Please transcribe the data below in full, word for word, without the images.

(COLLECTED MATERIAL)
+===+
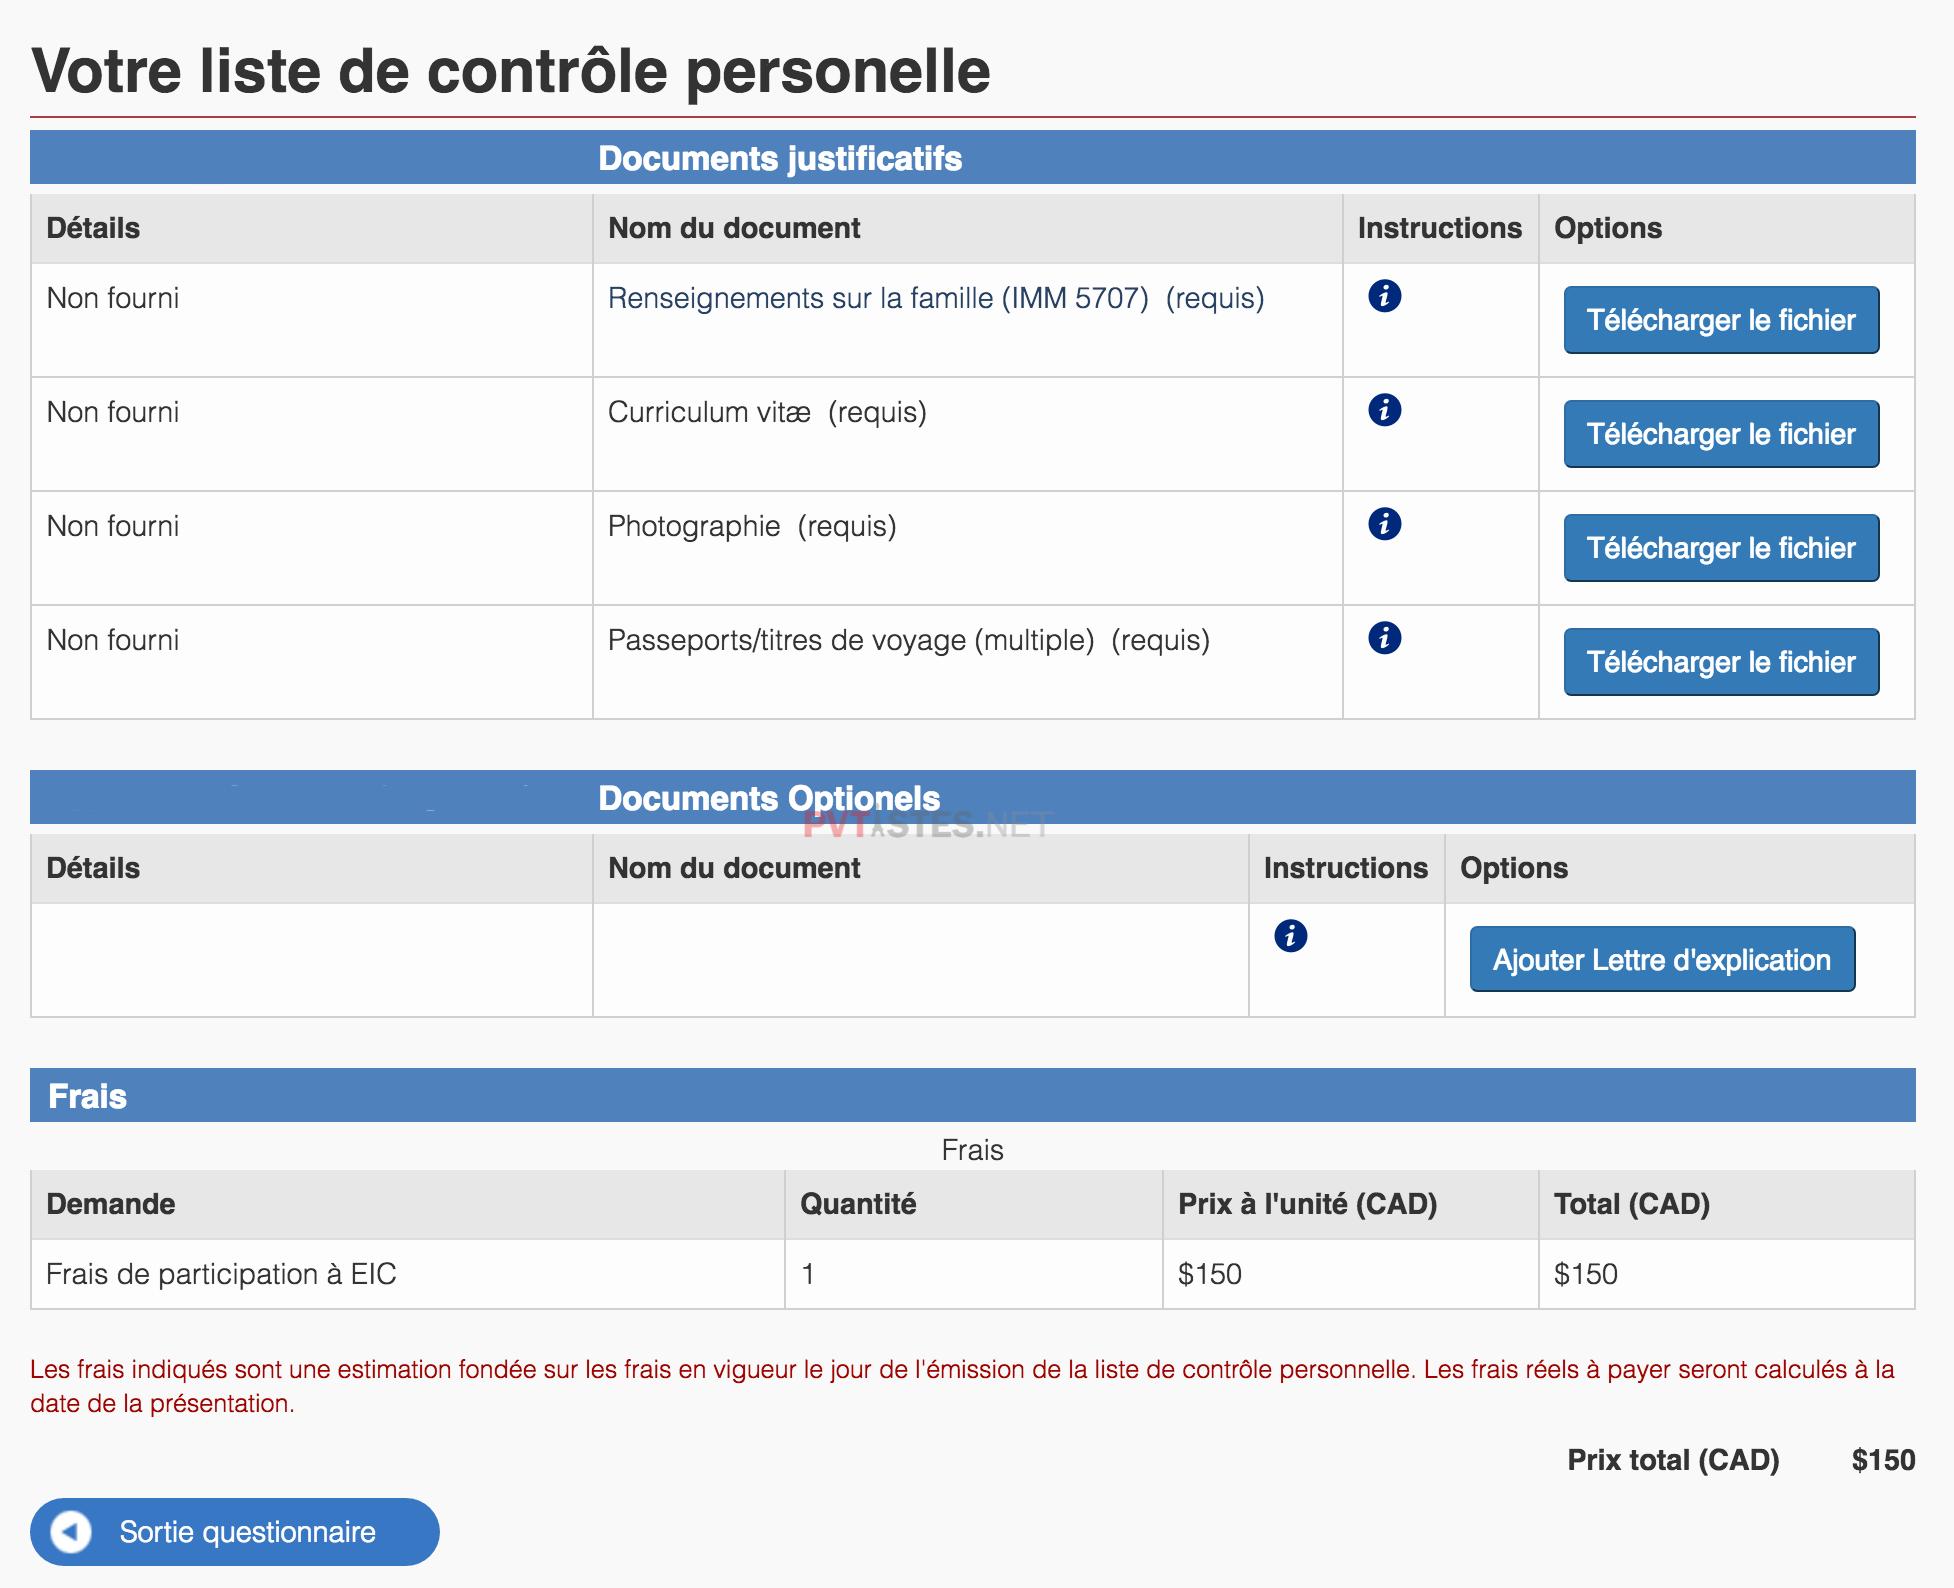 liste de contrôle personnelle etc pvt
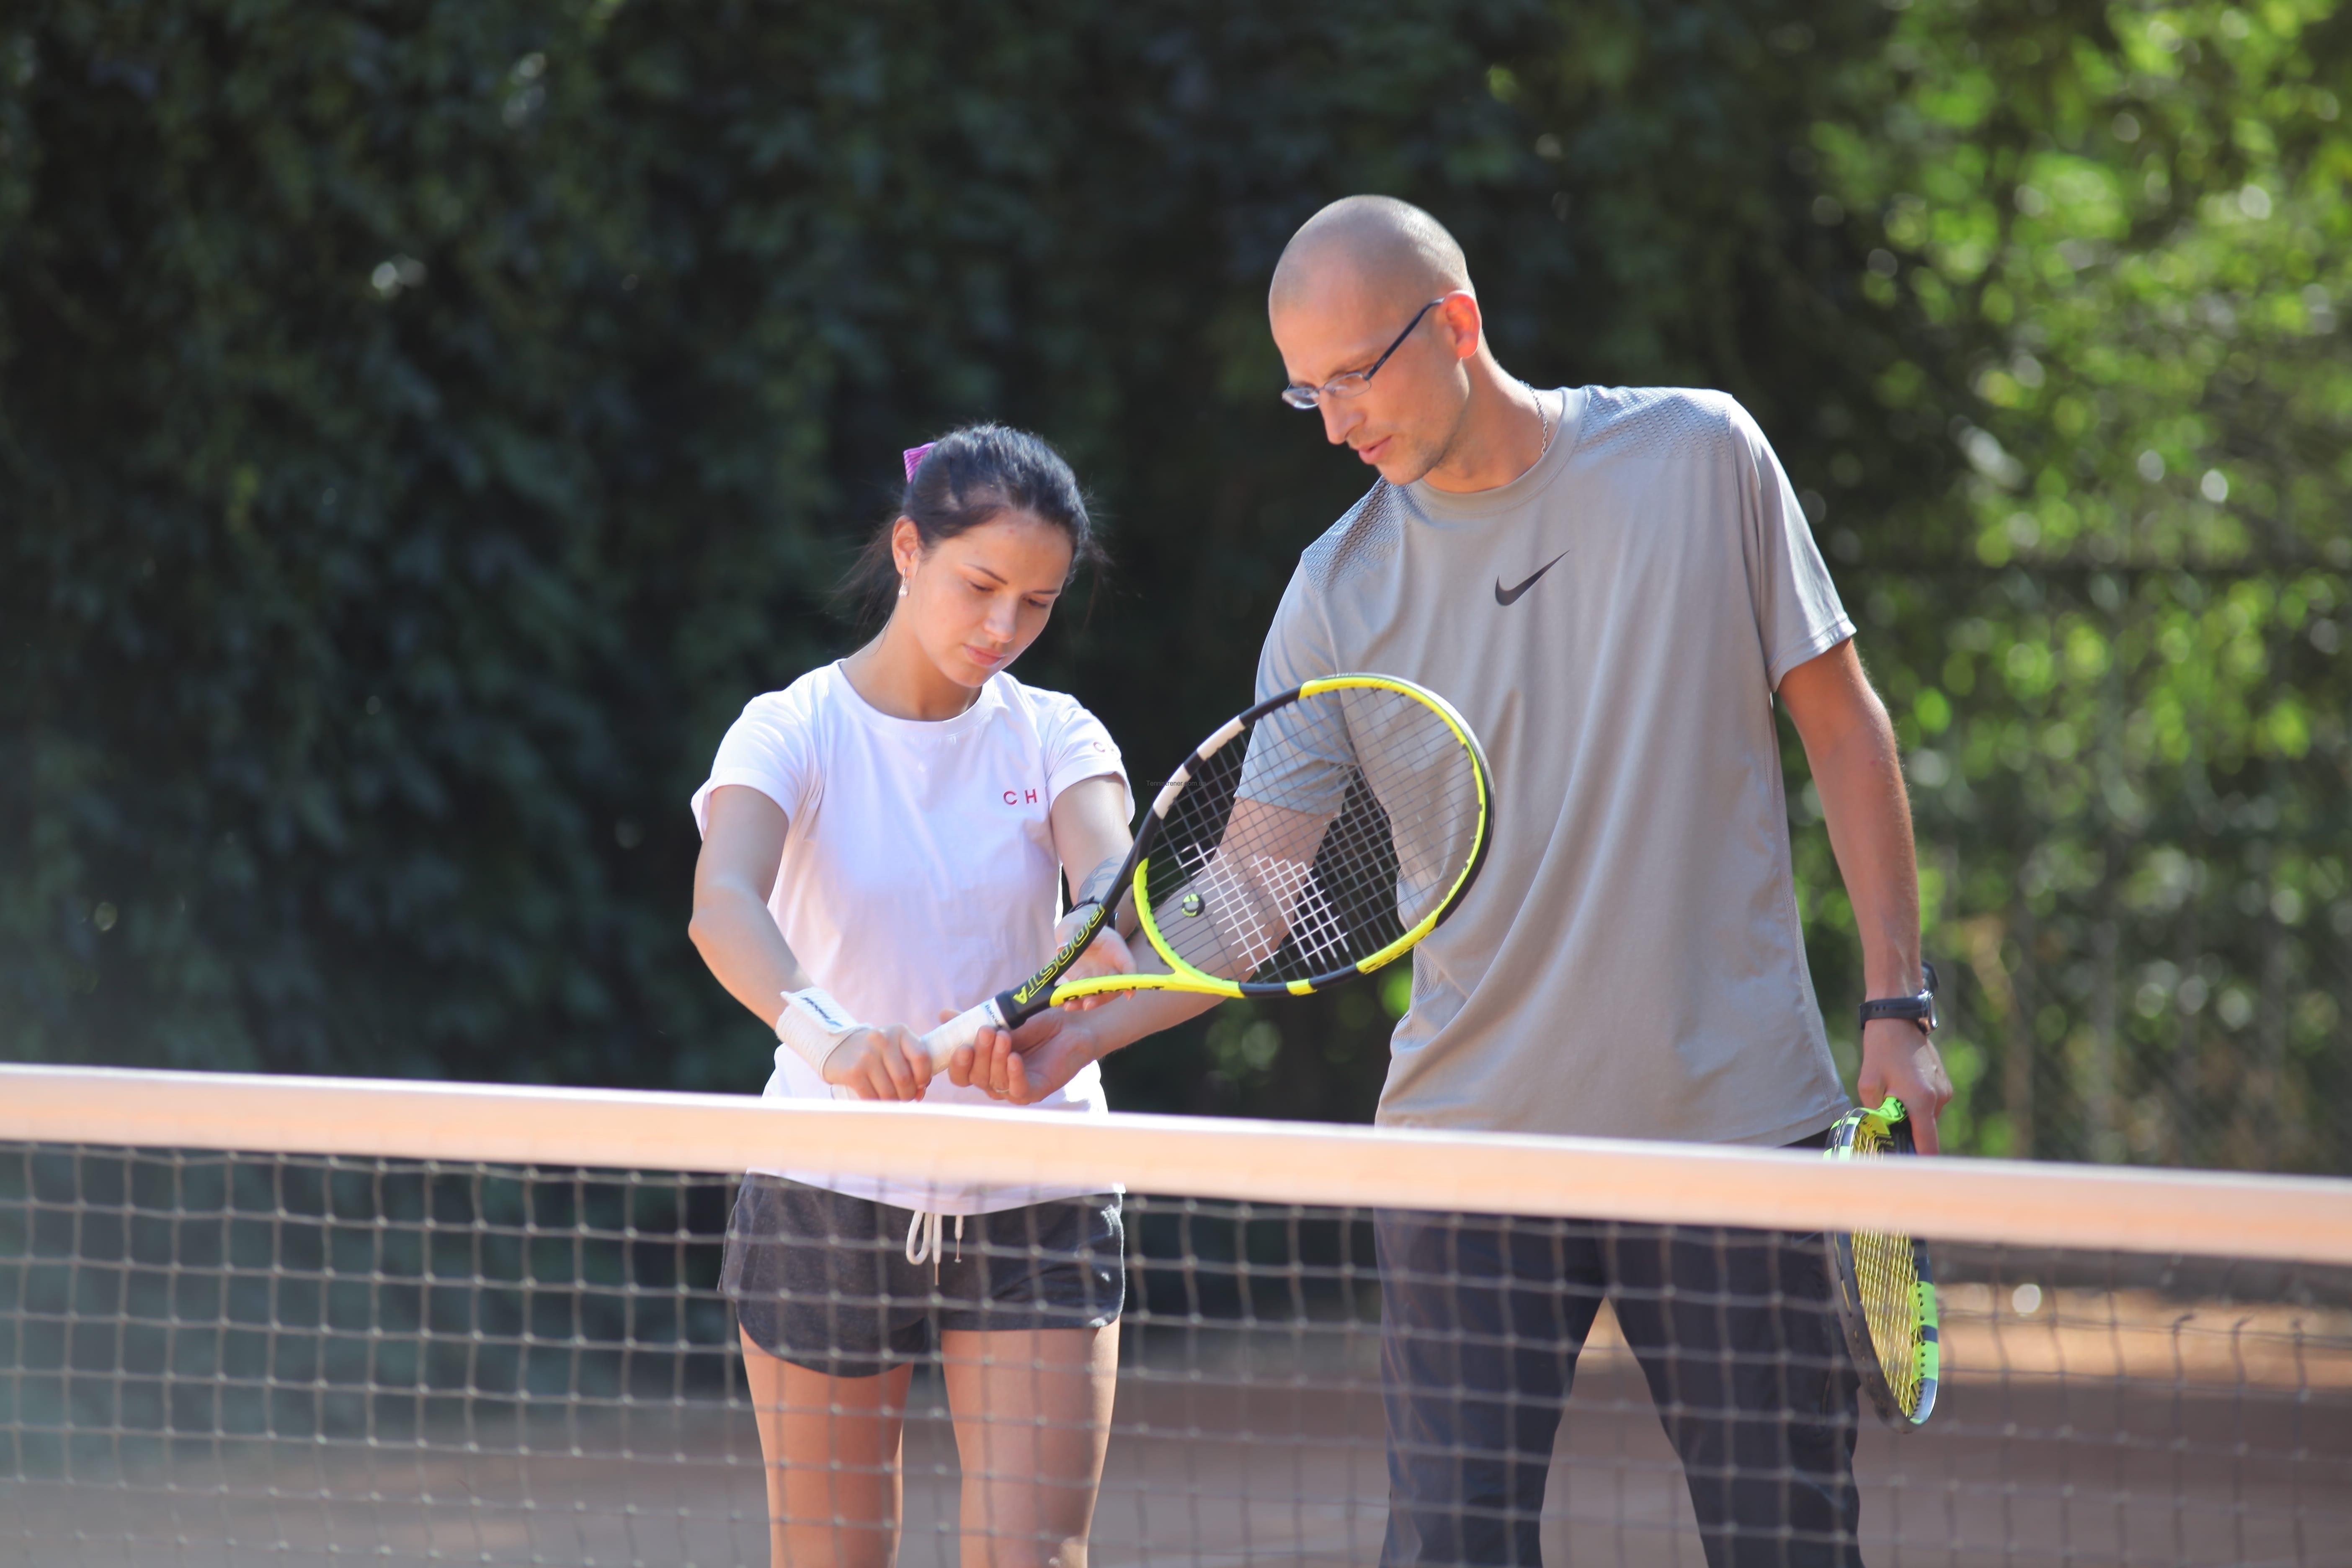 Игра слета теннис
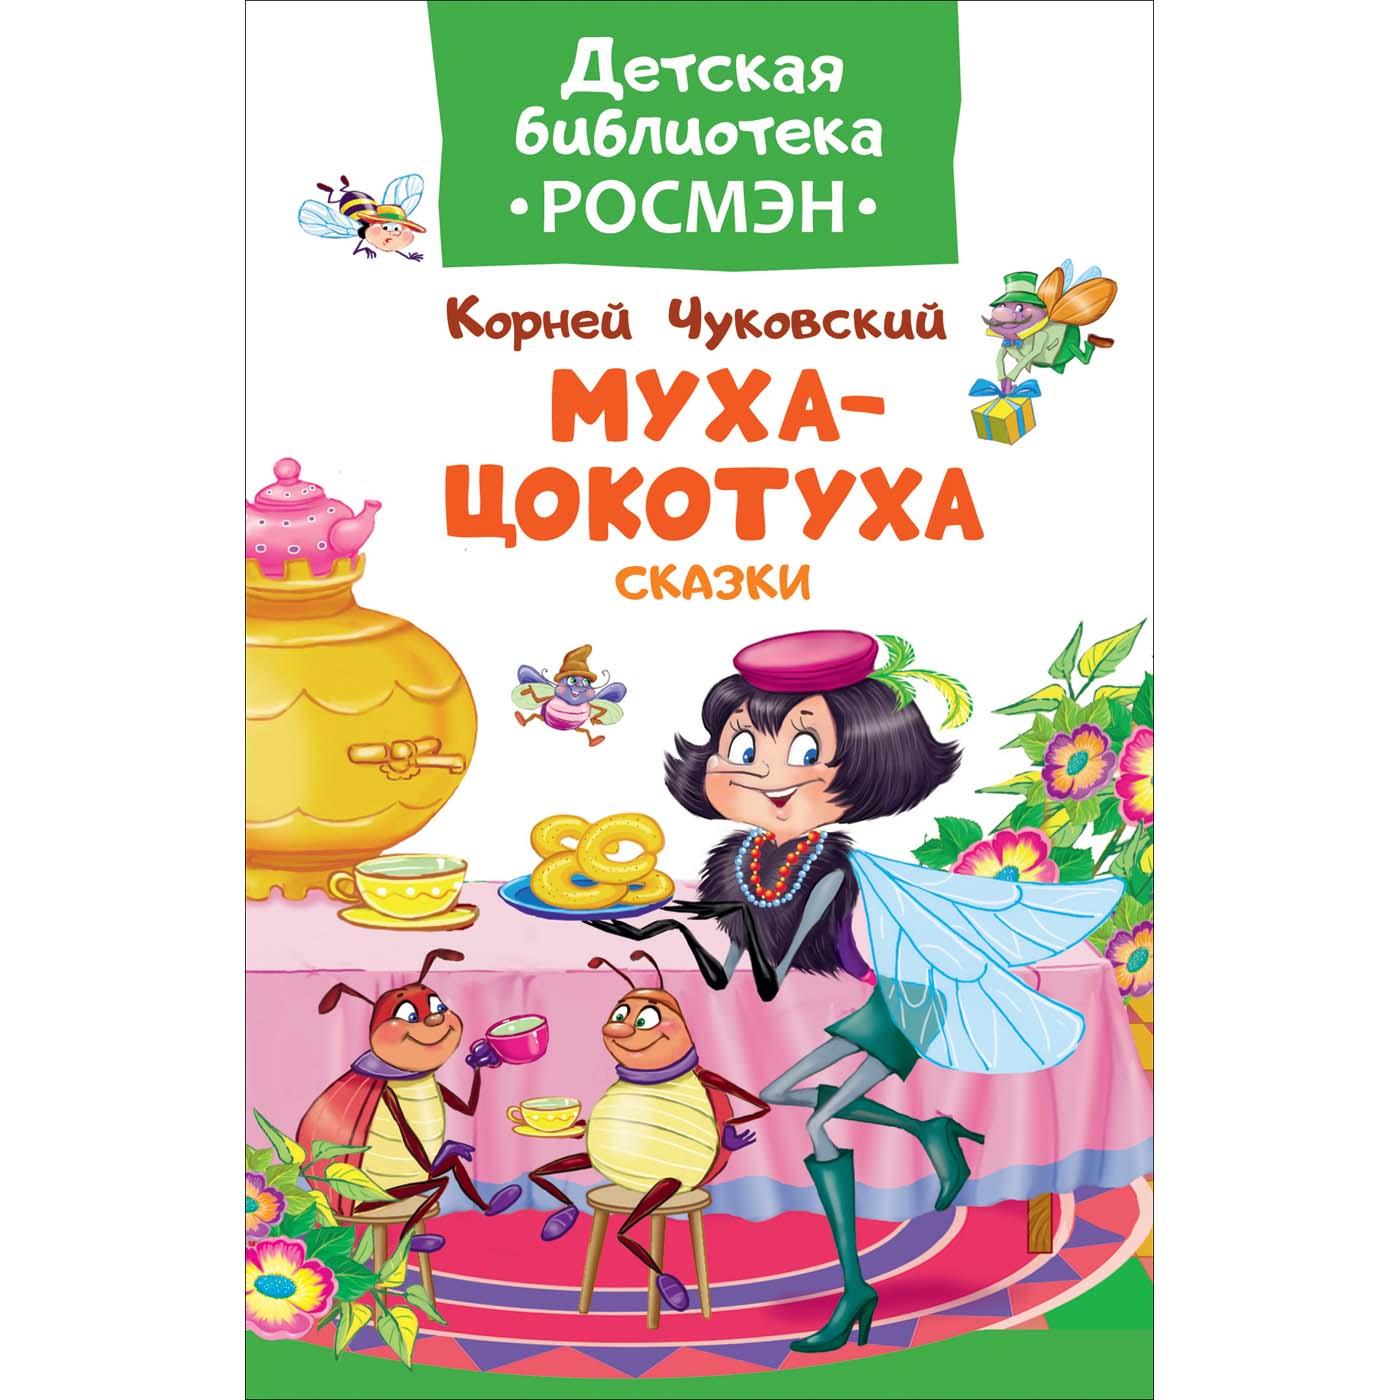 Купить Книга из серии Детская библиотека Росмэн - Муха-цокотуха Чуковский К. Сказки
+===+
(RESULT)
 liste de contrôle personnelle etc pvt
 Игра слета теннис
 Купить Книга из серии Детская библиотека Росмэн - Муха-цокотуха Чуковский К. Сказки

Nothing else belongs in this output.